*DATA EXCERPT*:
[Start of section]

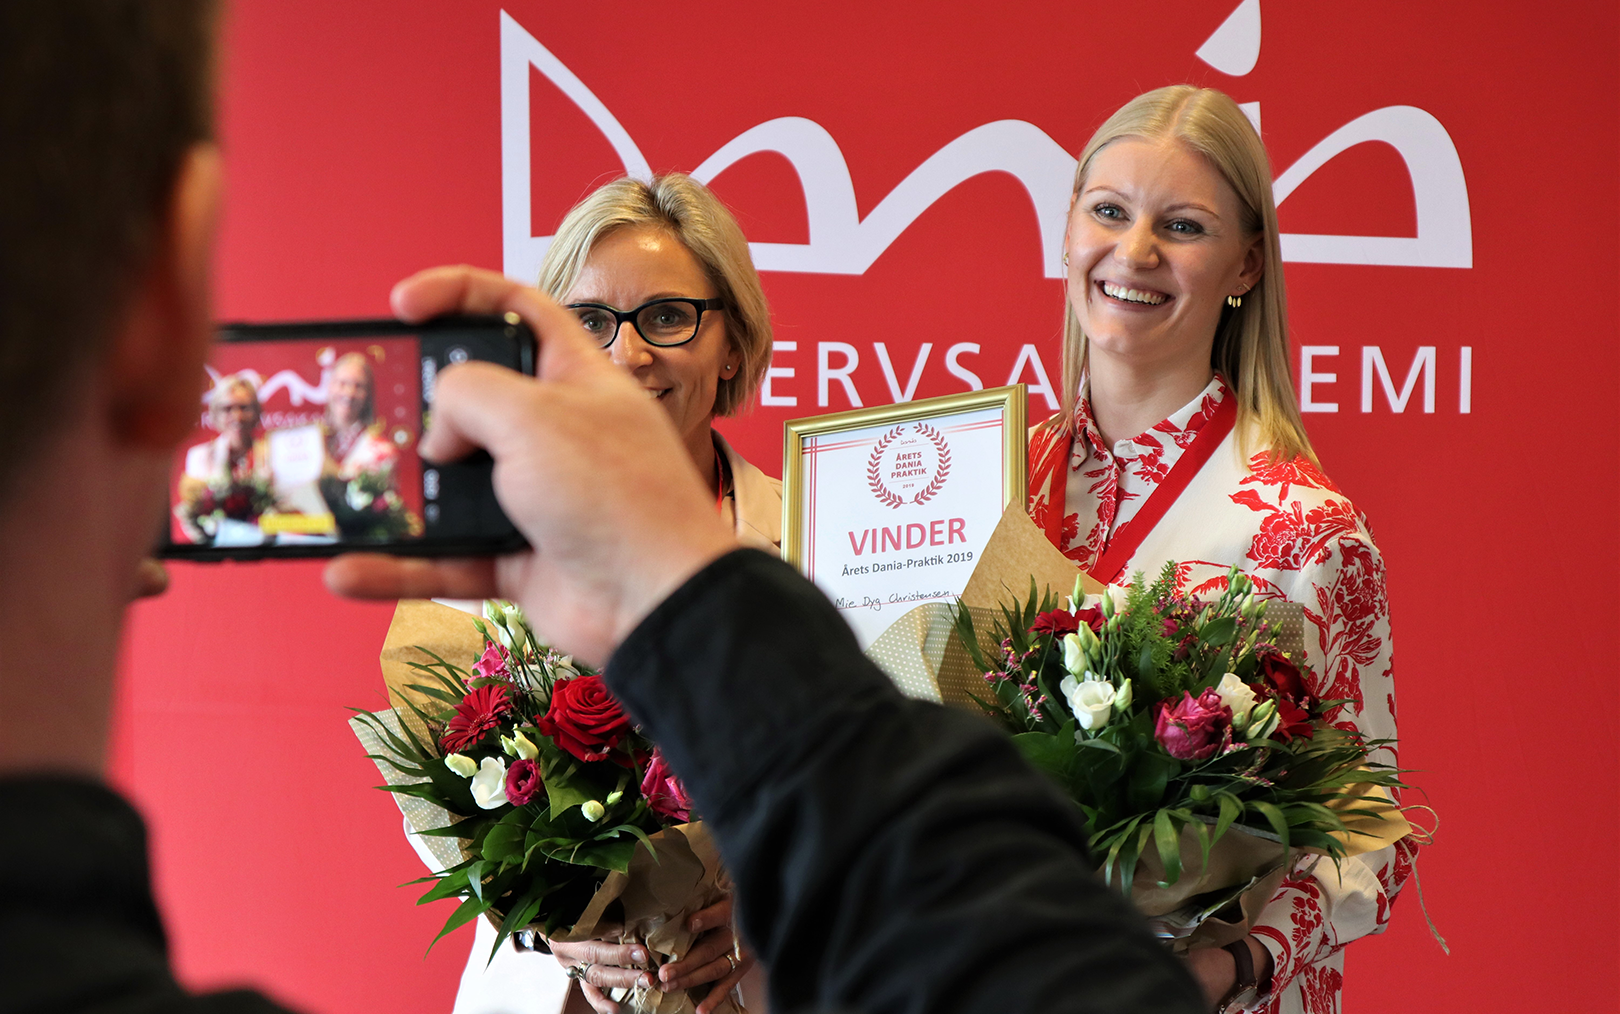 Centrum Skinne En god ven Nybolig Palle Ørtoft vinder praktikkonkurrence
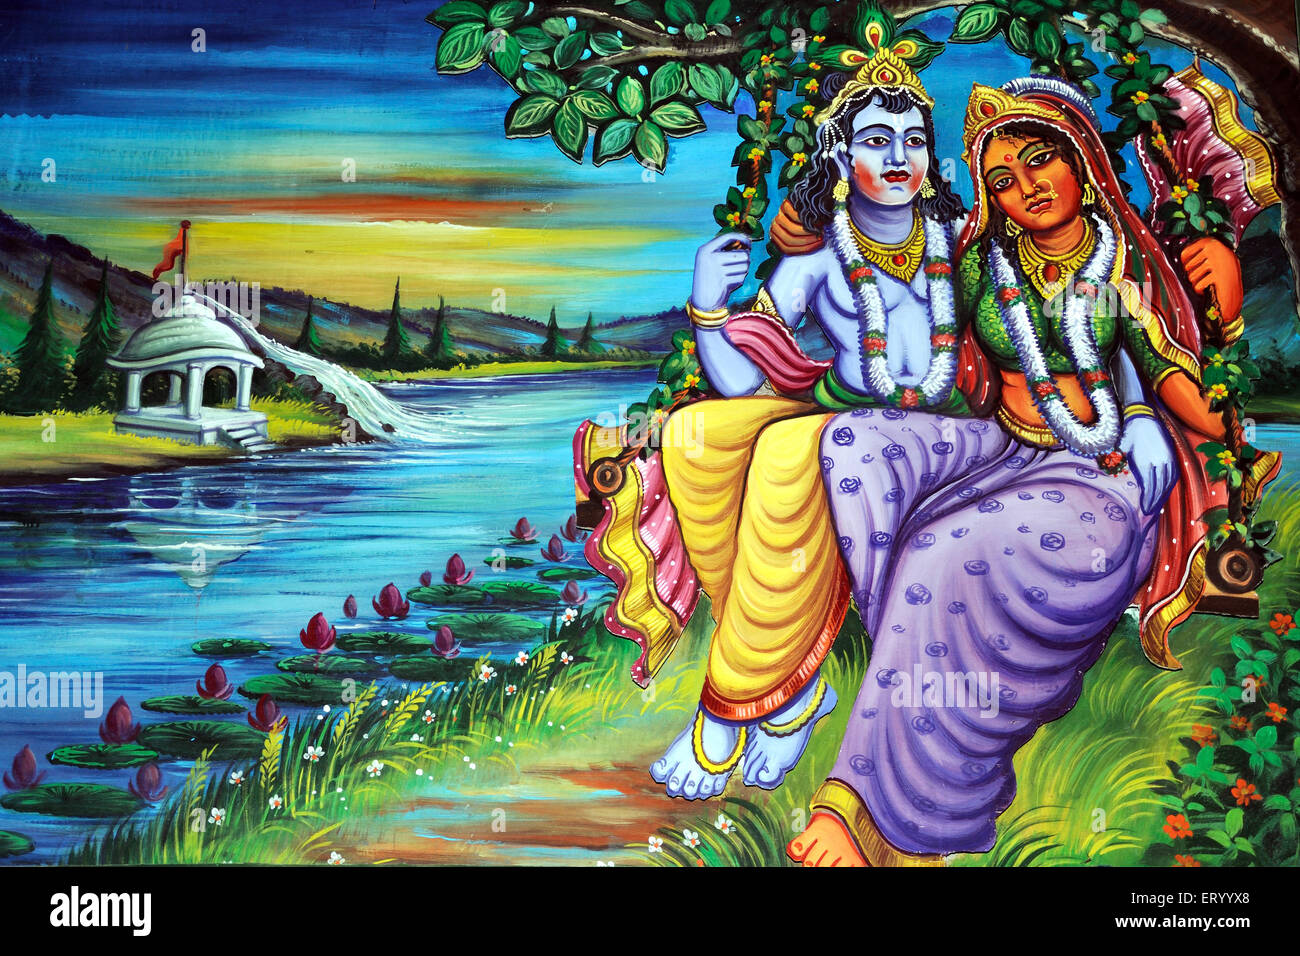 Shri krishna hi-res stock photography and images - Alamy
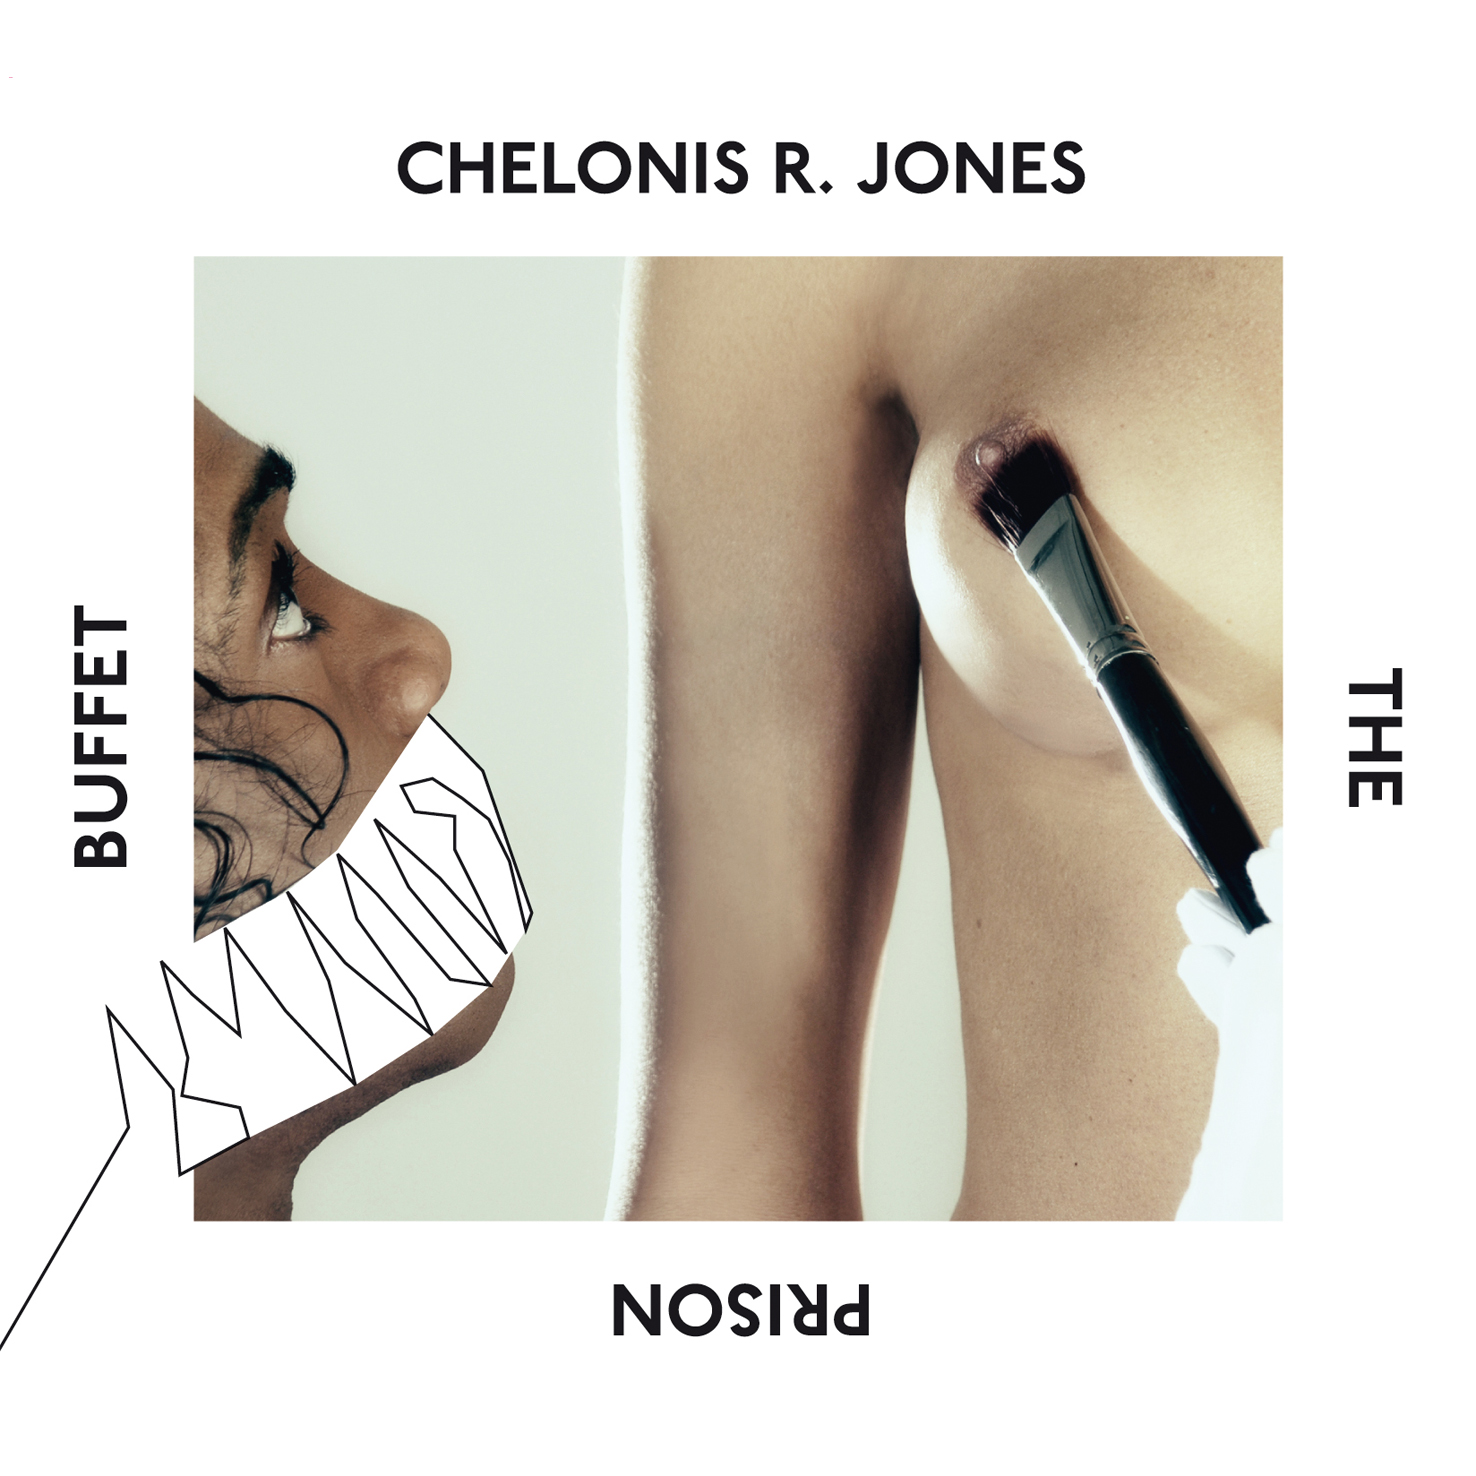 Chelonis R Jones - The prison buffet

[End of section]

*WHAT IS EXPECTED*: Print the complete listing exactly, apart from any pictures.

*OUTPUT OF THE TASK*:
 Centrum Skinne En god ven Nybolig Palle Ørtoft vinder praktikkonkurrence
 Shri krishna hi-res stock photography and images - Alamy
 Chelonis R Jones - The prison buffet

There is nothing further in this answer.